In May, 1888, Mr. Butler was elected as president of the Broadalbin Knitting Company, an office in which his executive ability was capably displayed until January, 1893. In May, 1891, he was elected to the office of treasurer of the company to fill the unexpired term of the late George O. Dickinson, and was the incumbent of both offices until his resignation from them in January, 1893, when he entered upon the discharge of the duties of county clerk. When this time arrived, the directors of the Broadalbin Knitting Company adopted the following resolutions: "Whereas, The directors of the Broadalbin Knitting Company, Limited, desire to acknowledge their appreciation of the faithful labors of our late president, C. H. Butler, during his connection with this company, Resolved, That we tender to him our sincere thanks for his energy and tireless efforts to make the Broadalbin Knitting Company, Limited, a success, and we also desire to express our regret that the Village of Broadalbin is to lose him as a citizen, and all unite in wishing him success in his new field of labor." The paid-in capital stock of the Broadalbin Knitting Company was seventy-five thousand dollars, and during the last year of the presidency and treasurership of Mr. Butler, the annual report of the company showed net profits of over twenty per cent on the capital stock, and a cash dividend of ten per cent was declared and paid to the stockholders. Mr. Butler was one of the organizers and promoters of the Fern Dale Cemetery in 1898, which is located between Johnstown and Gloversville. This company has already paid a two per cent cash dividend to its stockholders. Mr. Butler was elected as its first president, and re-elected the three following years. He was also one of the organizers of the Diana Knitting Company at Johnstown in 1900, was elected as a member of the board of directors, and also as a member of the executive committee. He was one of the leading spirits in the organization of the board of trade of the city of Johnstown in 1900, was elected director-at-large, to take the place of the late Charles Schoenfeldt, and was re-elected at the annual meeting, which took place in December of the same year.

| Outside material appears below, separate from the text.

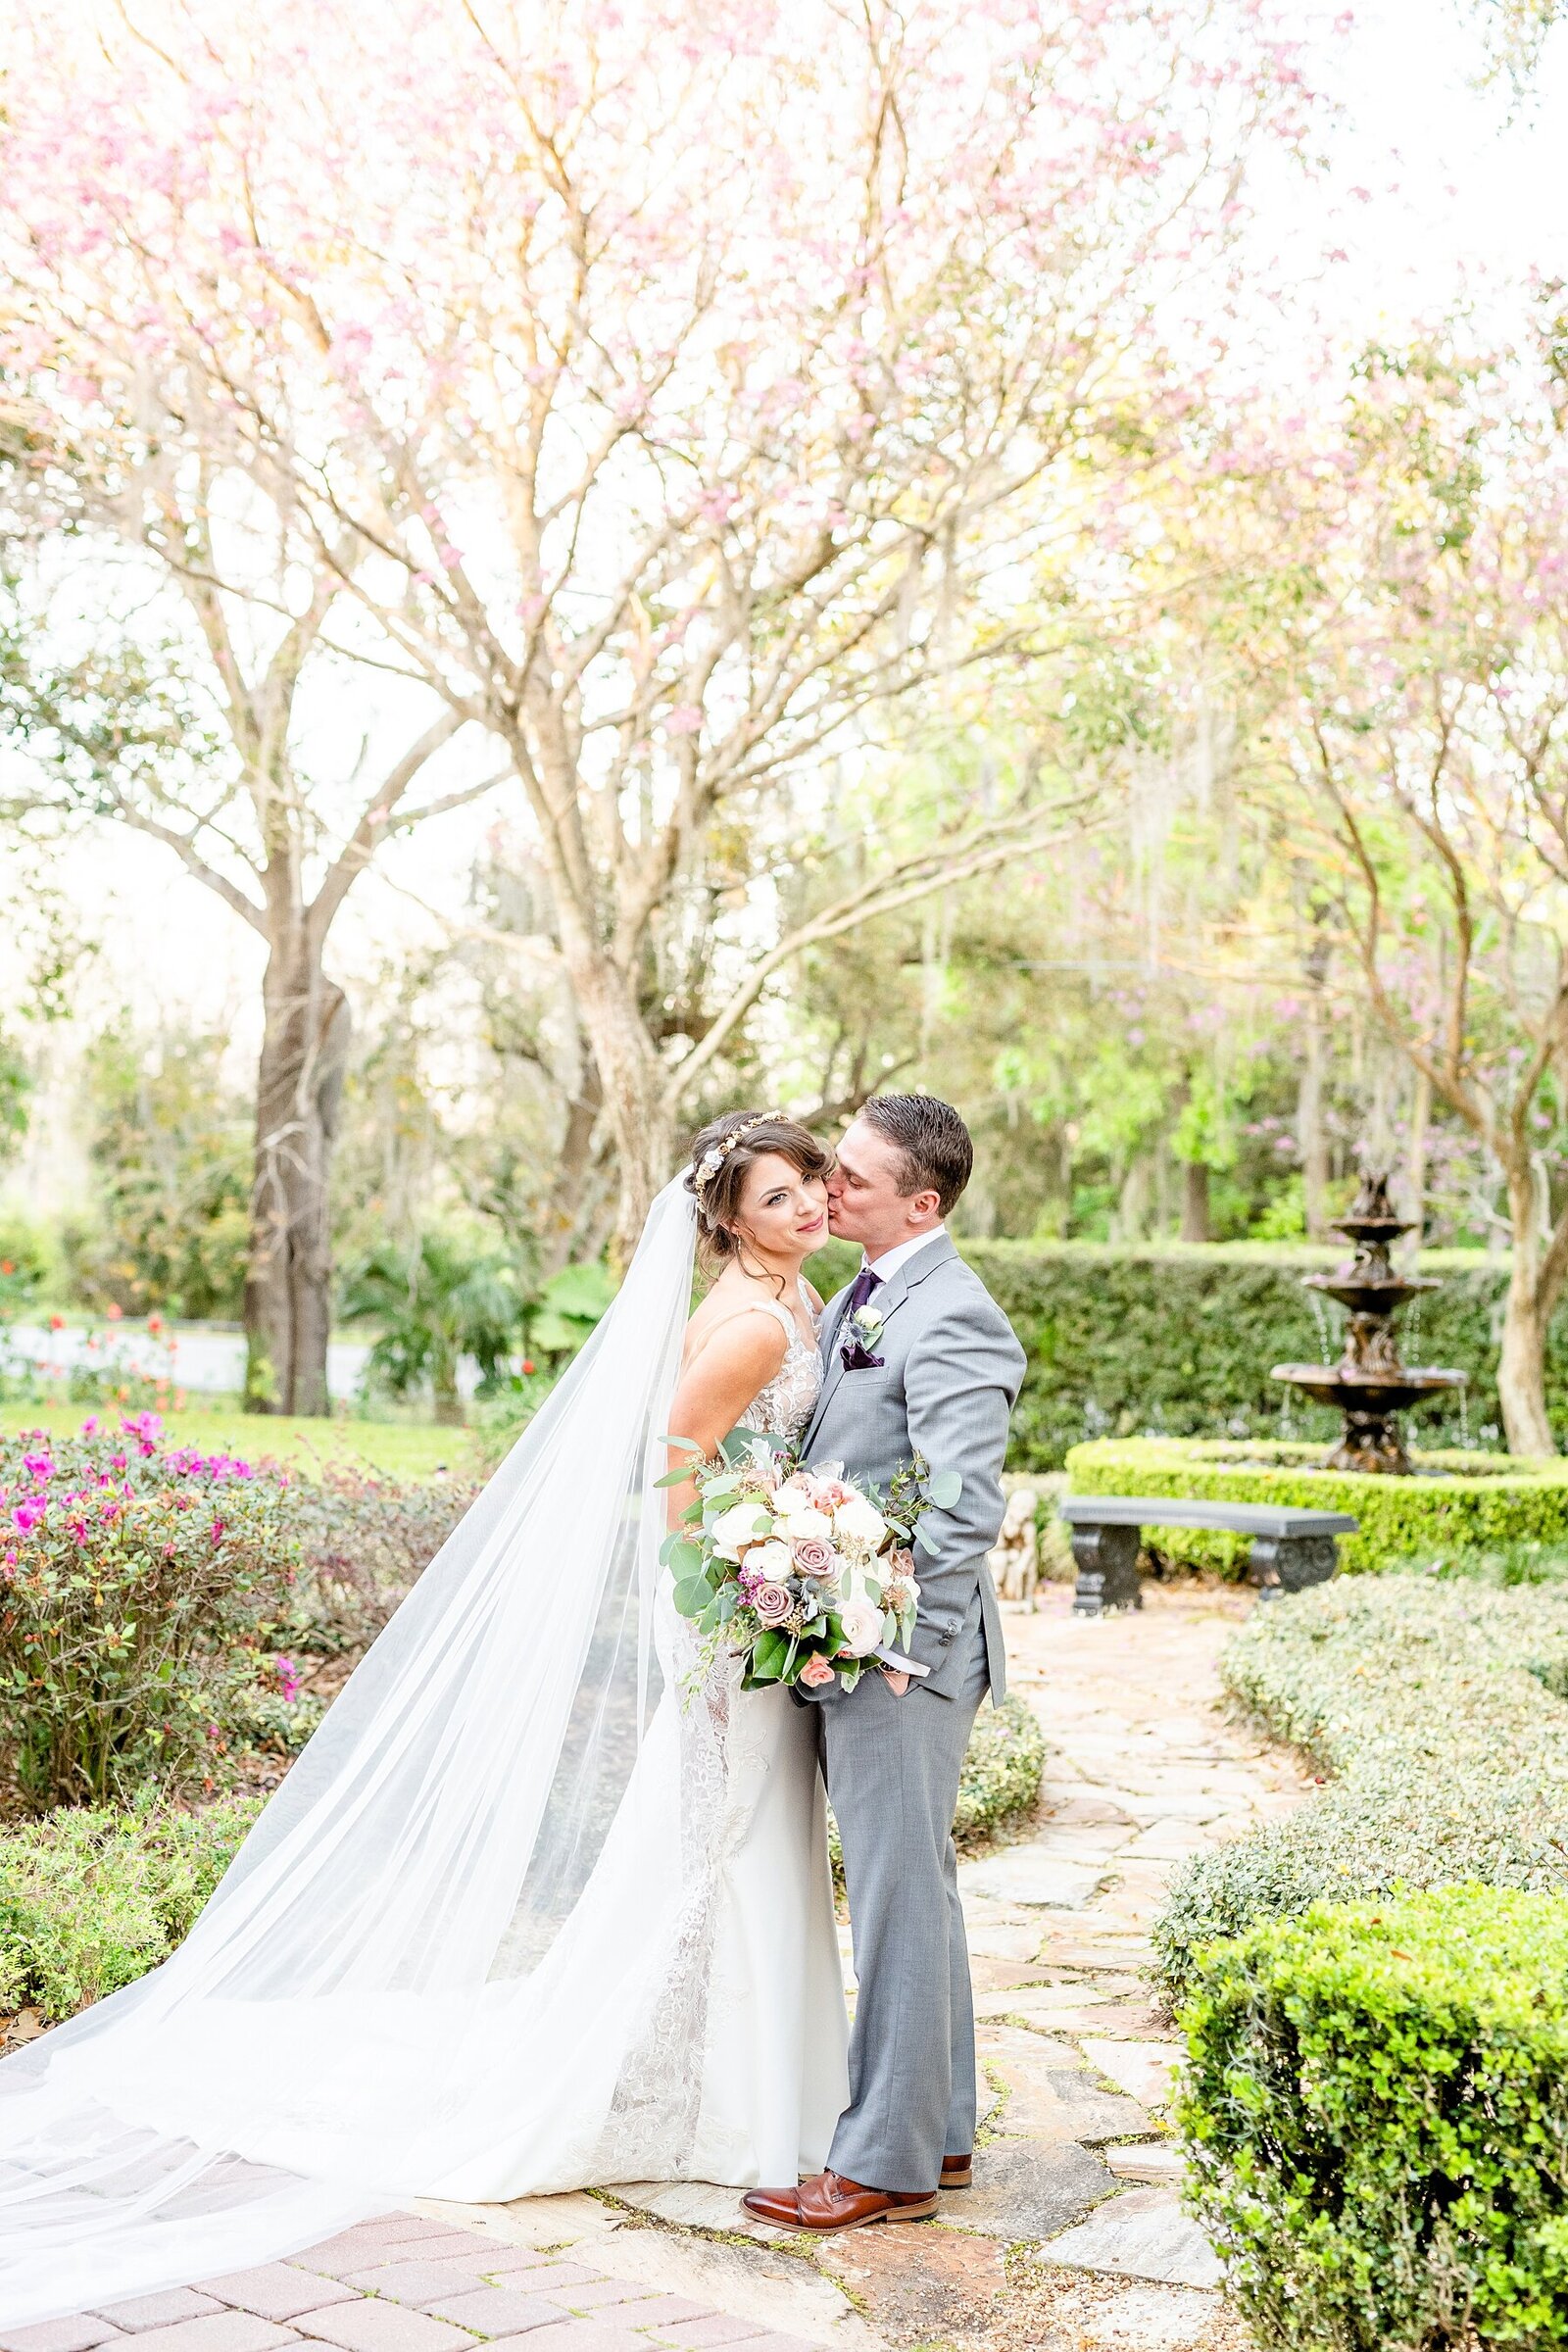 Wedding Day Portraits | Town Manor | Chynna Pacheco Photography

His political career has been a notable one, showing, as it does, his personal as well as his political popularity. He was nominated for the office of county clerk for Fulton county for a term of three years in 1892, and was elected with a plurality of one thousand and eighty votes. In 1895 he was renominated without opposition, and elected with a plurality of two thousand four hundred and eight votes. In 1898 he was again nominated, and again without opposition, and was elected with a plurality of two thousand two hundred and twenty-eight votes, the largest of any candidate on the county ticket in that year. In 1901 Mr. Butler had formed a business association under the firm name of Karg, Tomlinson & Butler, manufacturers of gloves, but this was discontinued at the end of about two years. In 1904 he started in the shoe business with John Koller. His religious affiliations are with the Presbyterian church, and he is a member of the following organizations: Colonial Club; Lotus Club of Johnstown; Lodge No. 808, Independent Order of Odd Fellows, of Johnstown; member and assistant recording secretary of the Johnstown Historical Society; honorary member of the Keck Zouaves, of Johnstown.

Mr. Butler married, February 20, 1884, Kate, daughter of James T. and Mary Bradford, of Broadalbin. Children:

  1. Mabel Candace, born October 8, 1886;
  2. Blaine Raymond, February 9, 1890.